◆ WHAT YOU ARE ASKED TO DO ◆
Drop every picture, then transcribe the remaining data exactly.

◆ INFORMATION PROVIDED ◆

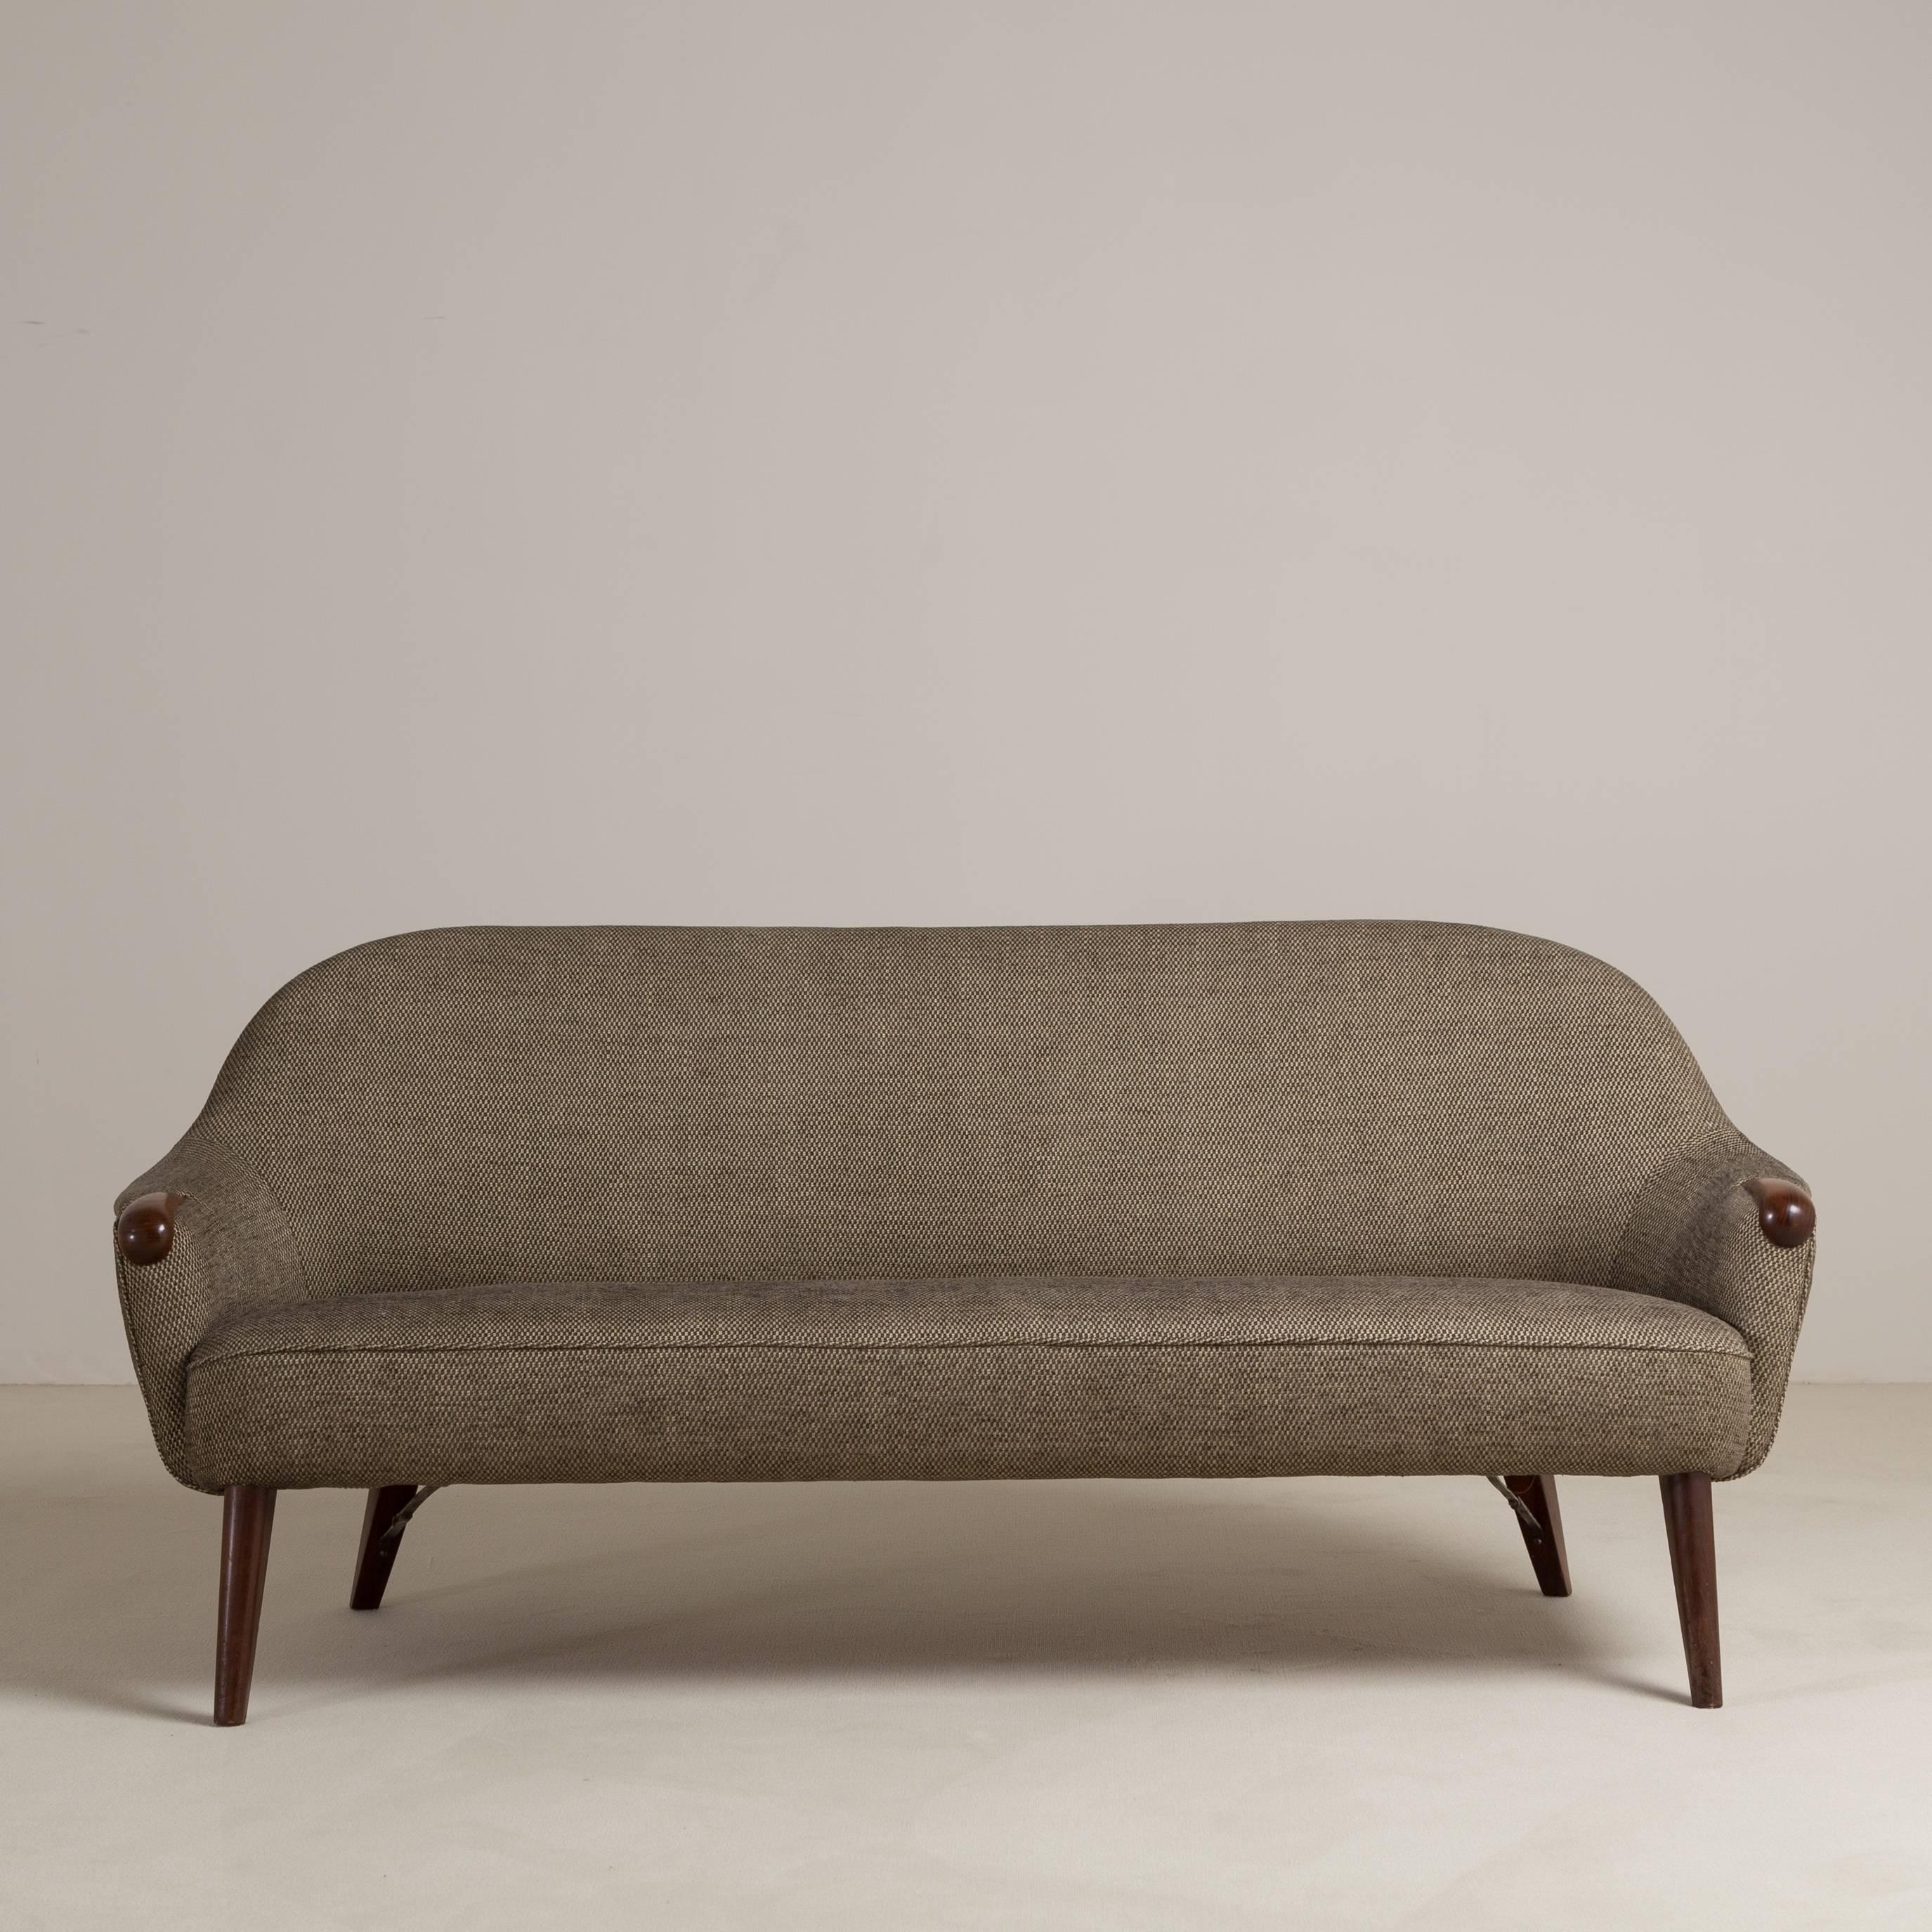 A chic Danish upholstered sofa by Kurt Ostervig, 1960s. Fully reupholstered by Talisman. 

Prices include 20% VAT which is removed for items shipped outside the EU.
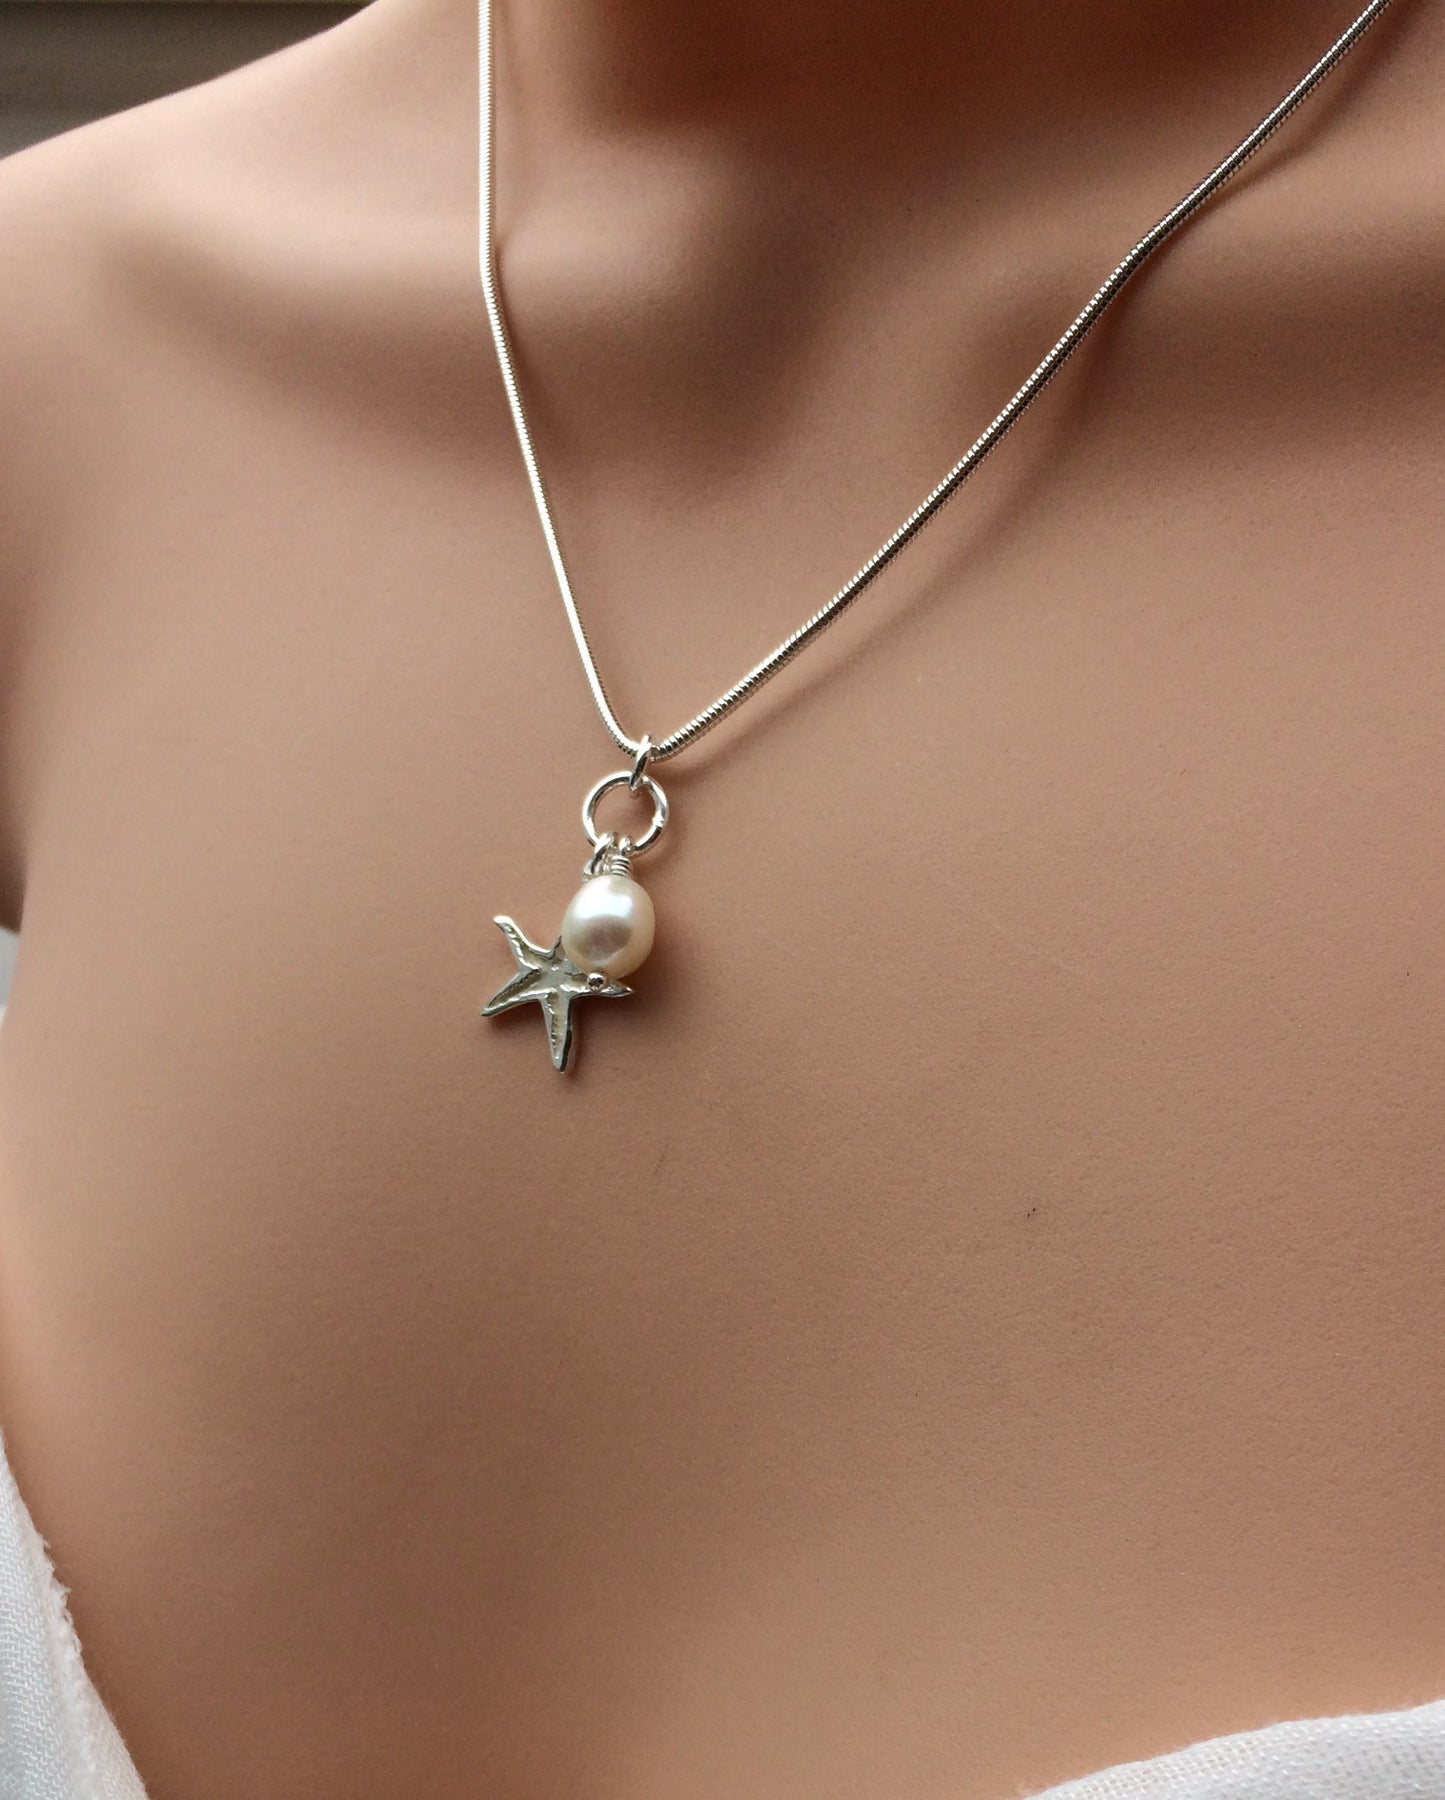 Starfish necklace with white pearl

◆ SOLUTION FOR THIS EXERCISE ◆
 A chic Danish upholstered sofa by Kurt Ostervig, 1960s. Fully reupholstered by Talisman. 

Prices include 20% VAT which is removed for items shipped outside the EU.
 Starfish necklace with white pearl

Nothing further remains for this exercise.